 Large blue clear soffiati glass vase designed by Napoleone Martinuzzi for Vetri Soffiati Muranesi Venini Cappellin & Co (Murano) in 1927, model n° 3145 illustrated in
---
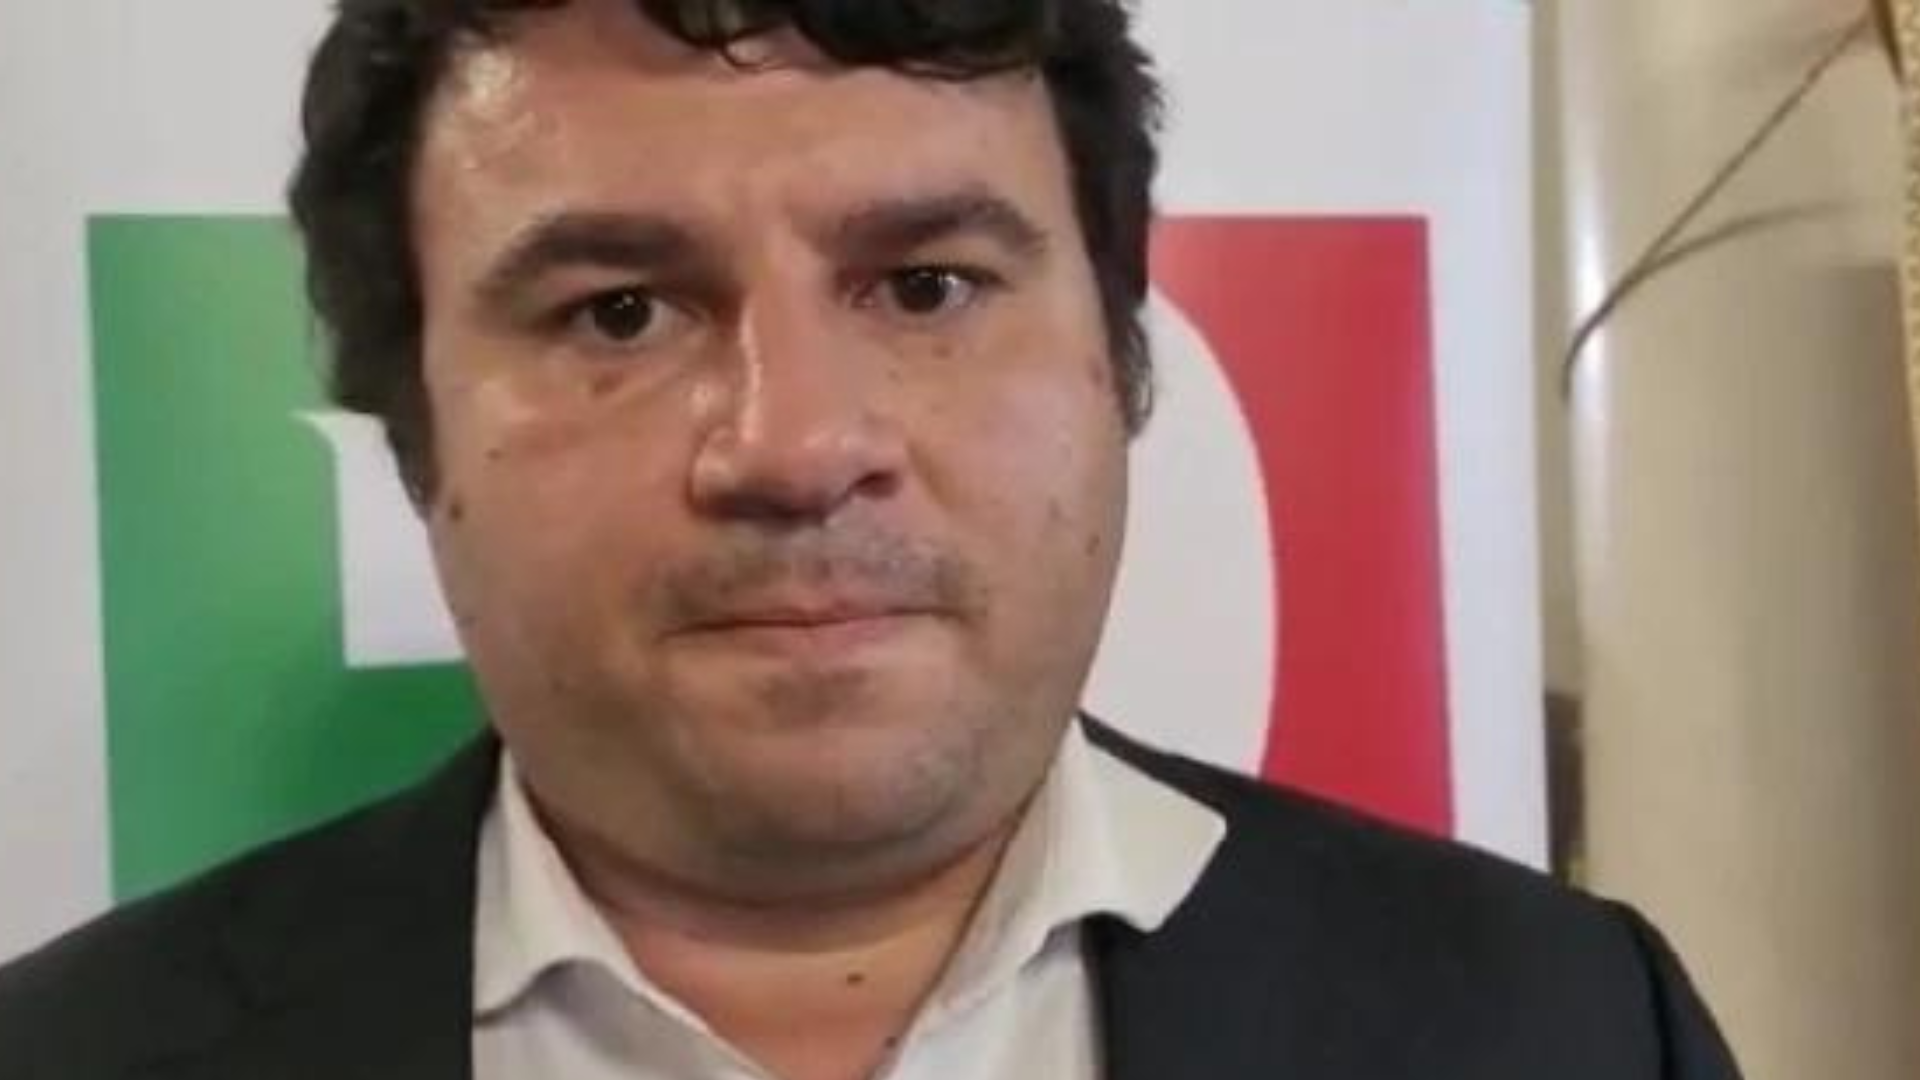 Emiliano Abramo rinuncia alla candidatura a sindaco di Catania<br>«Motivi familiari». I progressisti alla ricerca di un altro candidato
---
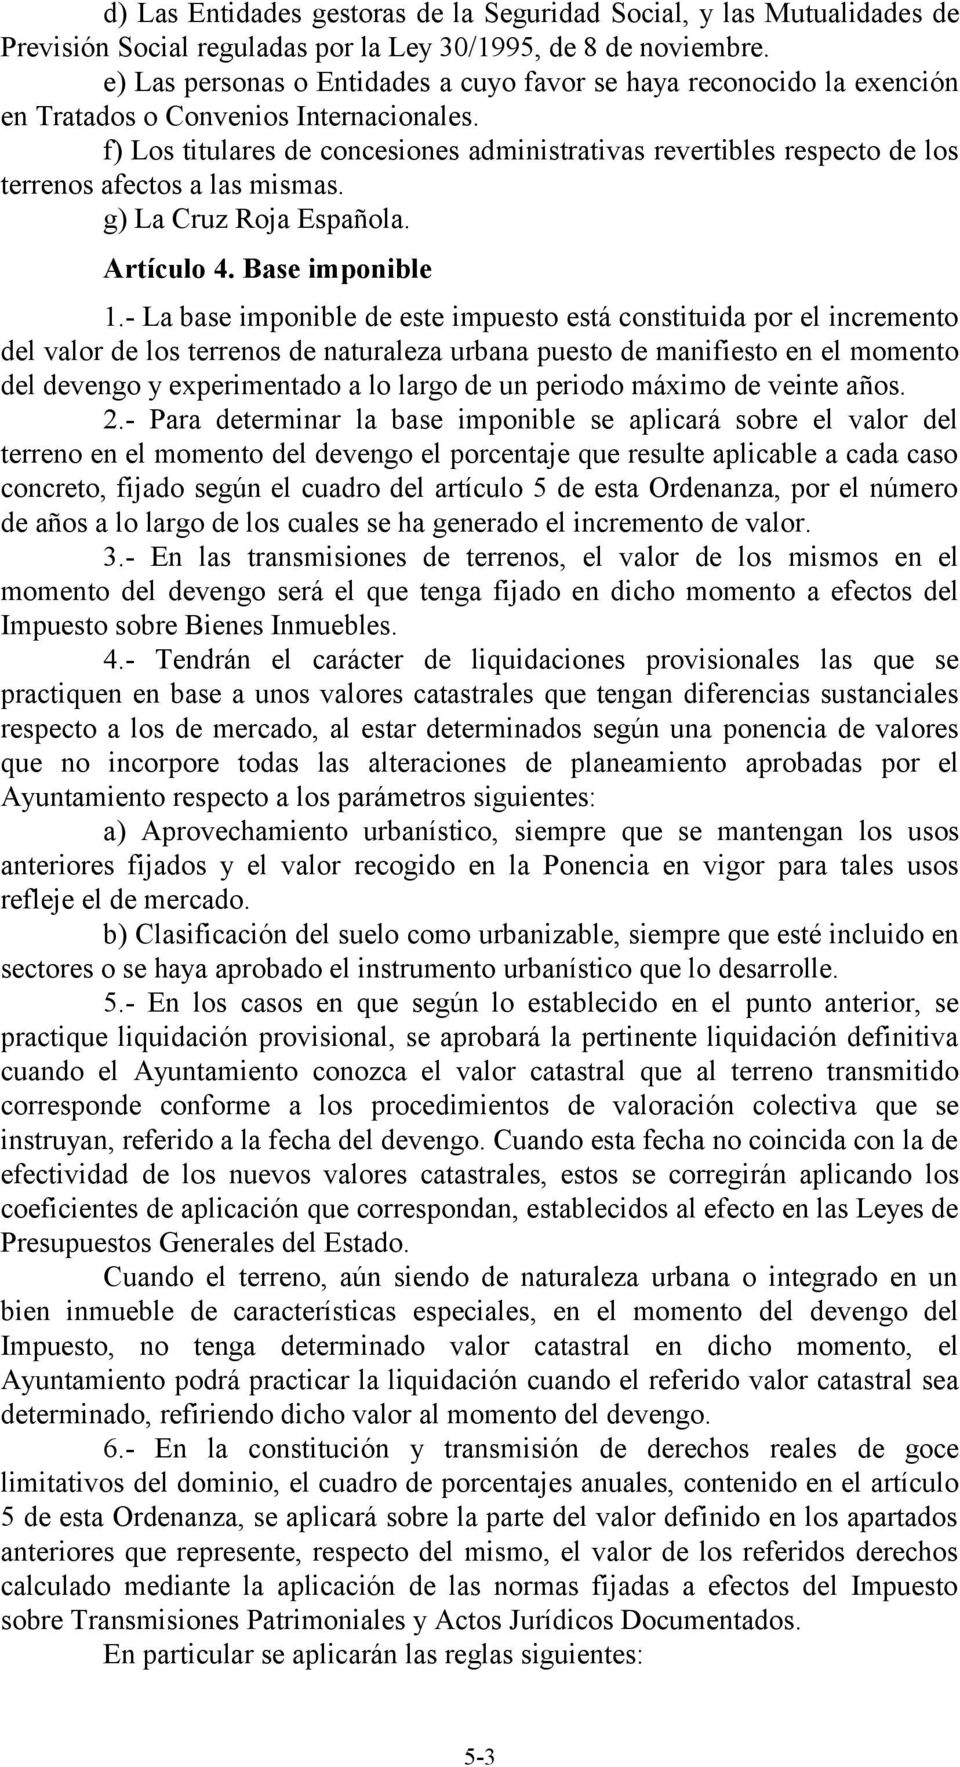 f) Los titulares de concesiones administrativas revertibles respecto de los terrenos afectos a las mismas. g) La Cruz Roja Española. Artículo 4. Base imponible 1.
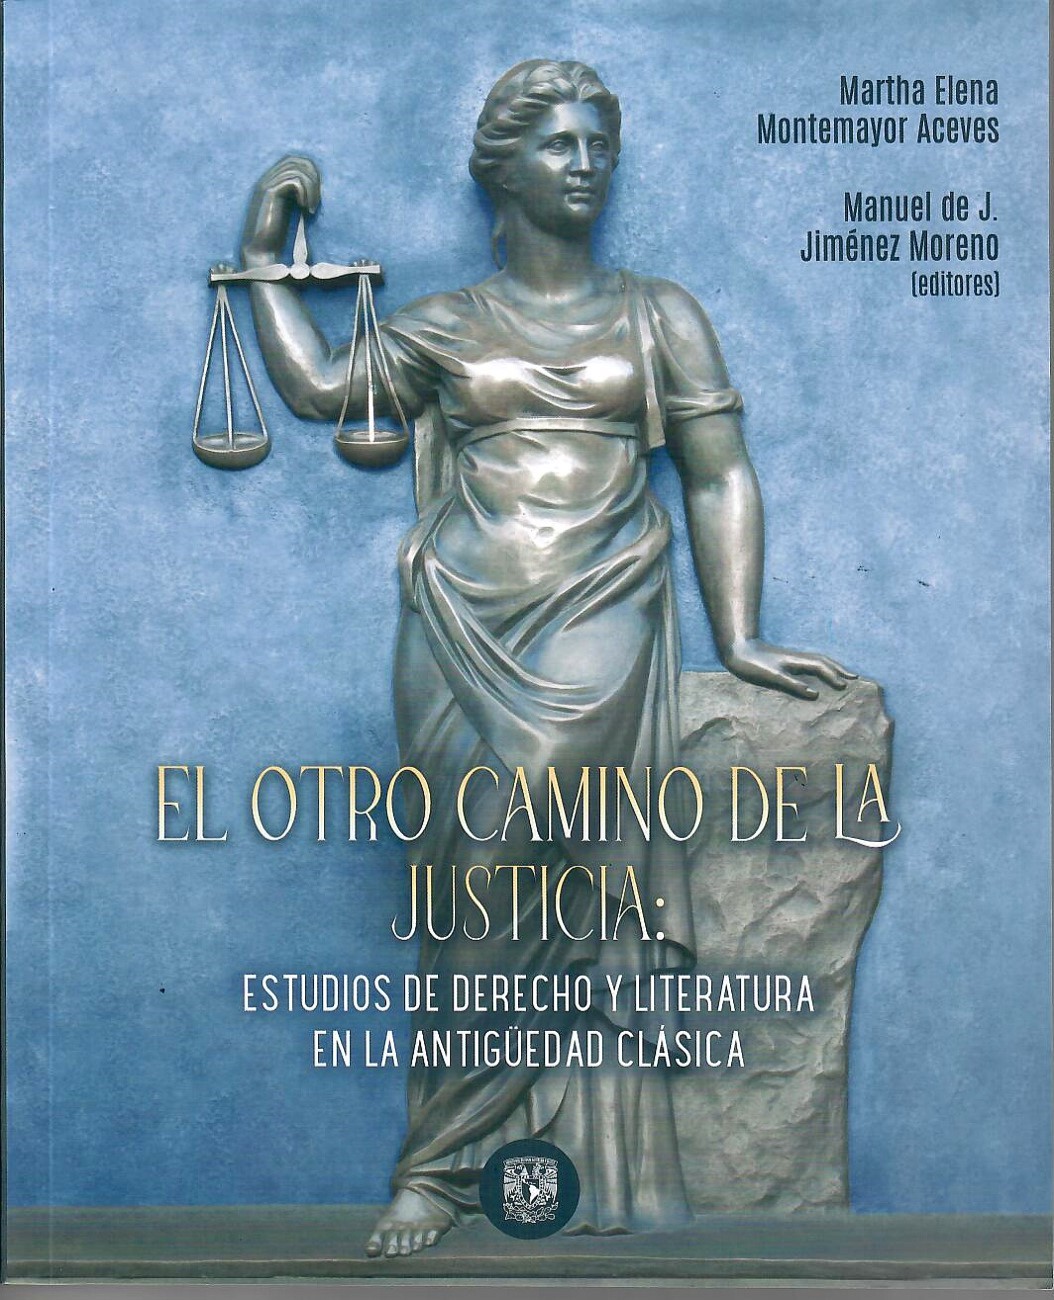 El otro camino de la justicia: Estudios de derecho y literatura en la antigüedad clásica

◆ REQUIREMENT: Skip every picture, and restate word for word only the lines above from the line containing "f) Los titulares" to the line containing "El otro camino", both of them included.

◆ EXERCISE RESPONSE:
 f) Los titulares de concesiones administrativas revertibles respecto de los terrenos afectos a las mismas. g) La Cruz Roja Española. Artículo 4. Base imponible 1.
 El otro camino de la justicia: Estudios de derecho y literatura en la antigüedad clásica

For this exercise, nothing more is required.